Cutting gas selection
For the flame cutting machine, the choice of cutting gas also has a great influence on the cutting quality. Currently, available gas options include acetylene, propylene, propane, and MPS. Different gas has different combustion characteristics, so the cutting scenes are different. Appropriate selection of gas is of significance for giving full play to the advantages of gas cutting and realizing high-efficiency and low-cost cutting. Acetylene flame has the characteristics of concentrated heat, high temperature, short preheating time, low oxygen consumption, high cutting efficiency, and small deformation of components. It is suitable for cutting thin plates and introducing shorter parts; while propane flame has heat dispersion, low temperature, and preheating The cutting time is longer than acetylene, the upper edge of the cutting edge is smooth and flat, the lower edge is less dross, easy to remove, and its relative cost is also low. Therefore, the cutting of thick plates and large parts is more economical than acetylene; the propylene flame temperature is higher, and the preheating time is similar. Shorter than propane, slightly increased than acetylene, and because of the high heat content of the outer flame, it is suitable for cutting thick plates and large parts.
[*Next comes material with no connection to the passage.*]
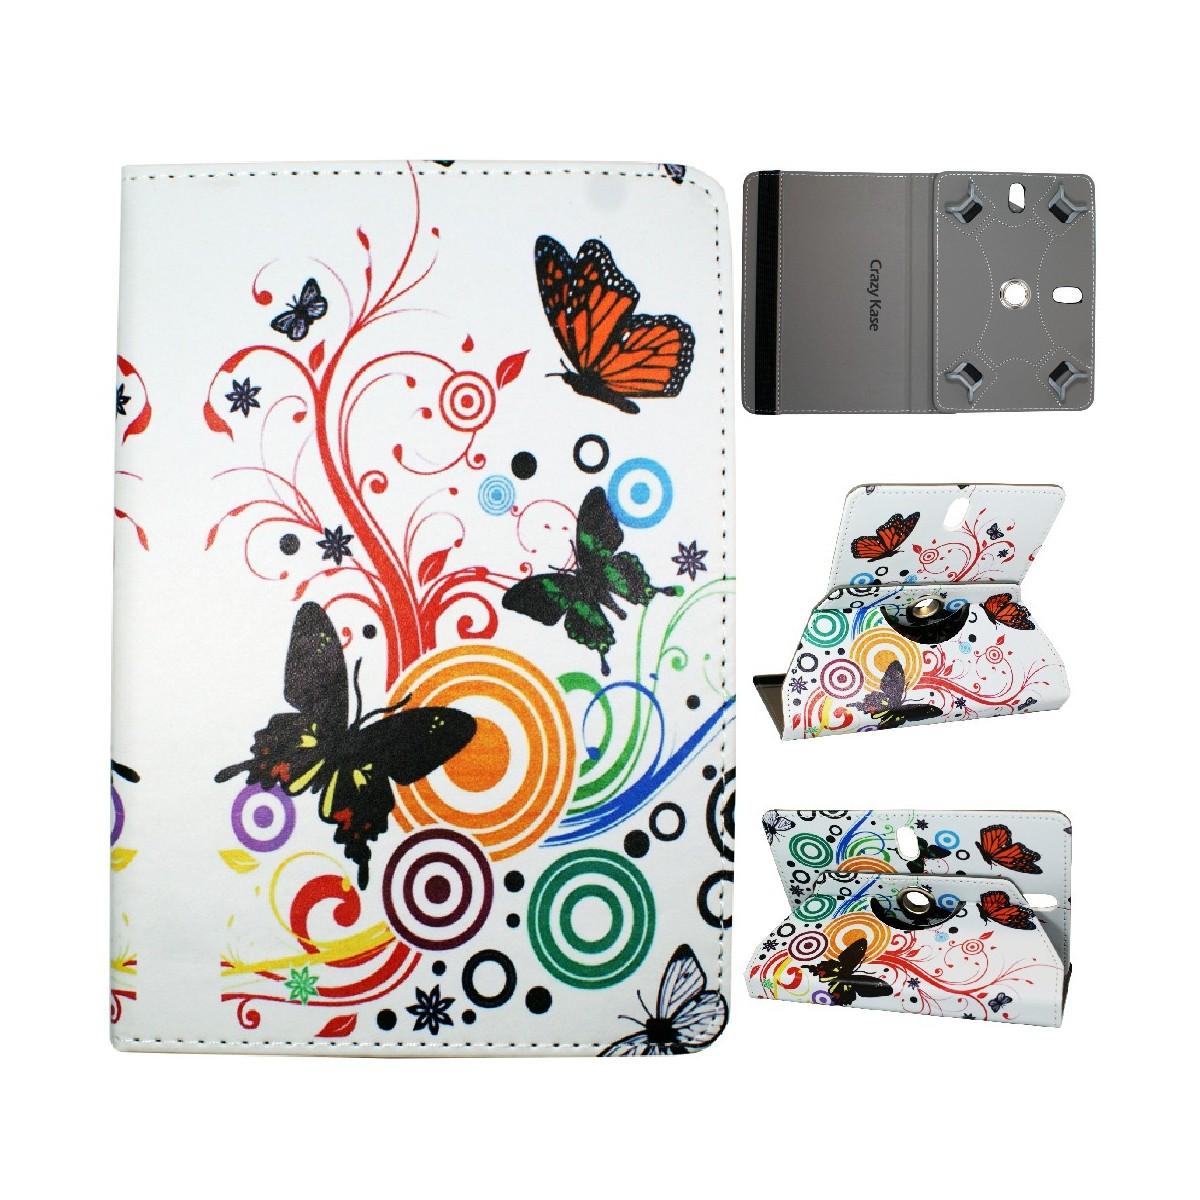 Crazy Kase - Etui tablette universel 7 pouces rotatif 360° Motifs Papillons et Cercles
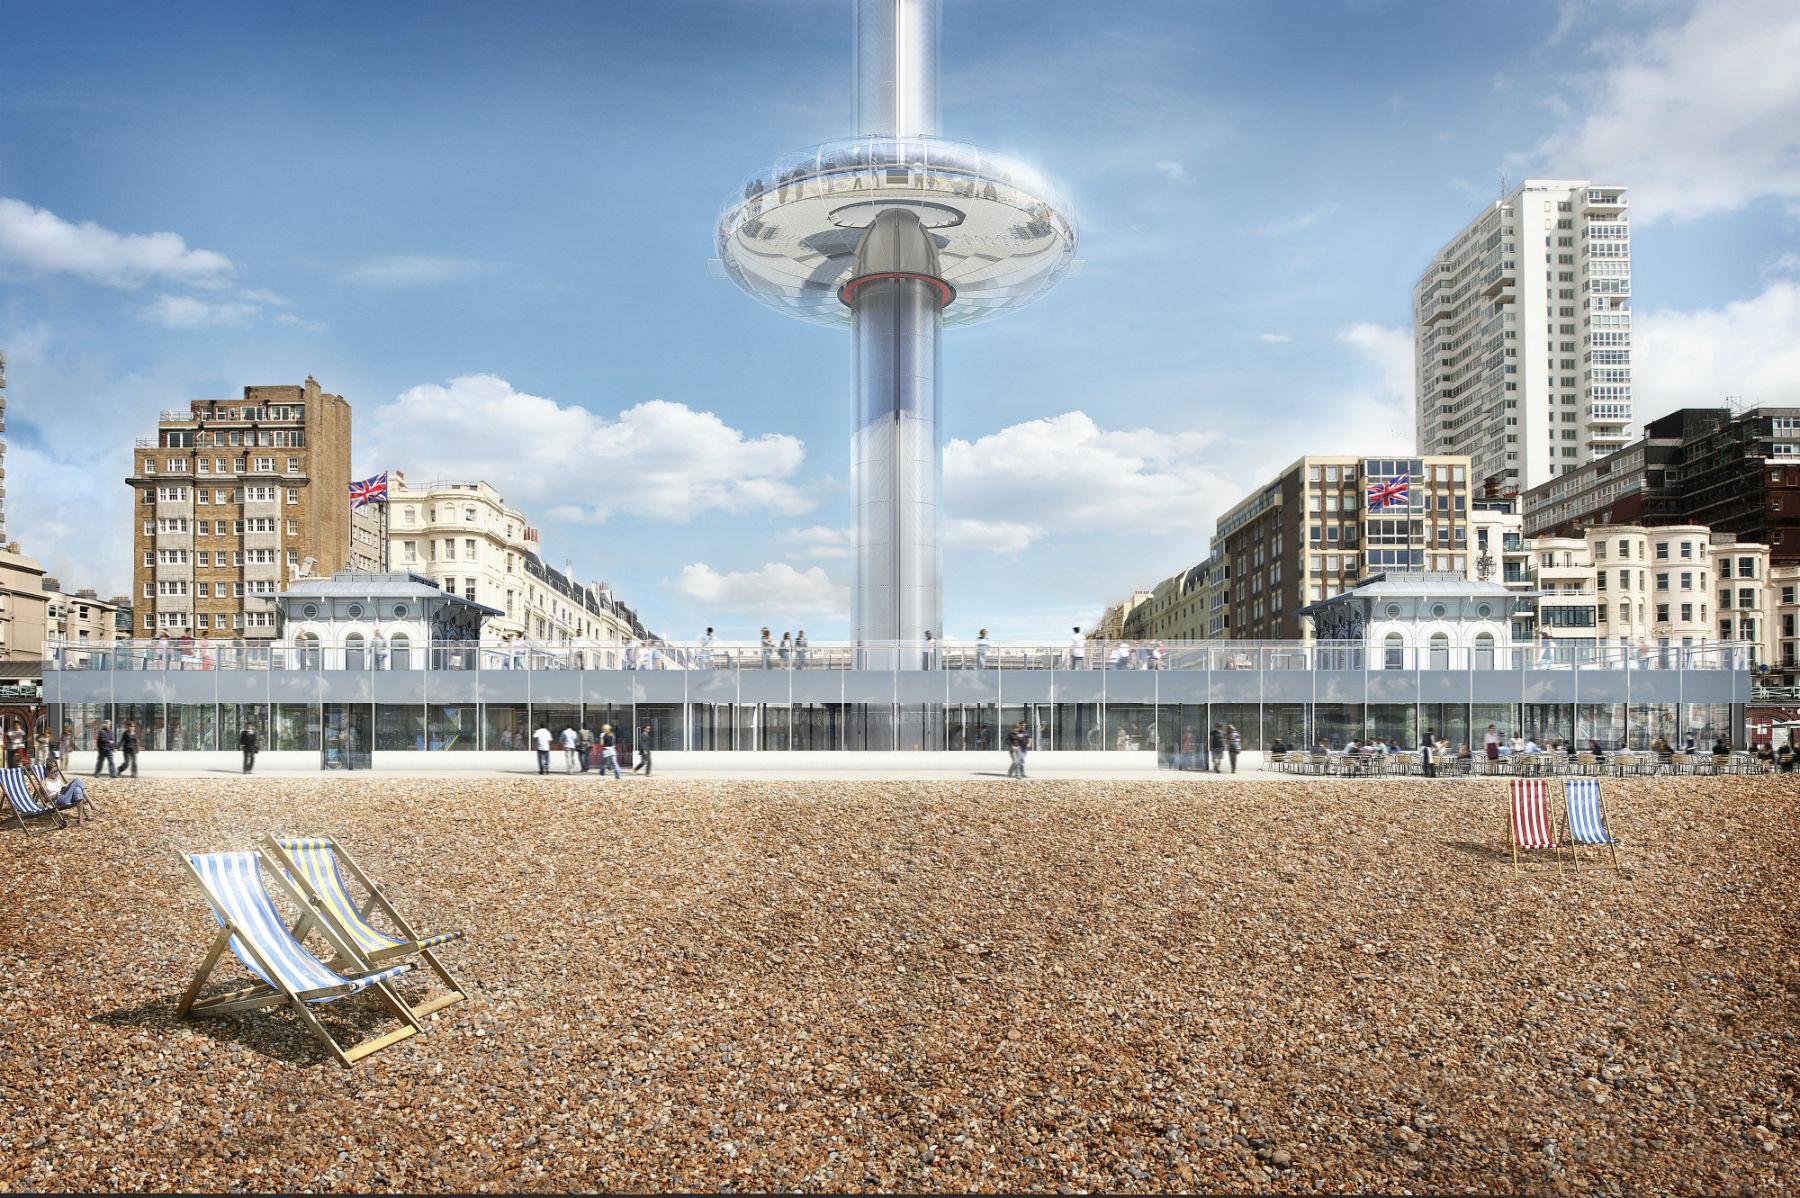 A torre vista da praia de Brighton: críticas e milhóes investidos

Cutting sequence and lead application
A reasonable cutting sequence is conducive to uniform heating of the steel plate, and internal stresses cancel each other, thereby reducing thermal deformation of the parts. Therefore, when cutting the contour of the part, the principle of first inside and then outside, first small and then big, first-round and back, cross-jumping, and first complex and then simple, should be followed to avoid parts displacement, deformation, and size deviation. Reasonable lead position and form are conducive to the complete cut of the part and stable cutting to ensure the contour quality. According to the actual production situation, the introduction position of the outer contour is generally placed at the bottom right of the contour, and the lead form of the inner contour should adopt the arc form.
Comprehensively combine the existing research results, we can know that in the specific operation and use process of the CNC flame cutting machine equipment, the factors that can affect the implementation quality of the CNC flame cutting operation link are diverse because the cutting heat input during the cutting operation The problem of thermal deformation caused by factors is a prominent problem that needs to be faced during the implementation of the technical aspects of flame cutting. Under the premise of a comprehensive and systematic analysis of the effect of cutting technical parameter items on the quality level of the cutting process, combined with the basic experience summarized and refined during the specific cutting process activities, a basic method to control and reduce the degree of thermal deformation during the cutting process is effectively formed. By applying appropriate types of technical control measures, it is possible to effectively control and improve the dimensional control accuracy and surface quality of technical parts during the operation of the CNC flame cutting machine equipment, and improve the overall production efficiency.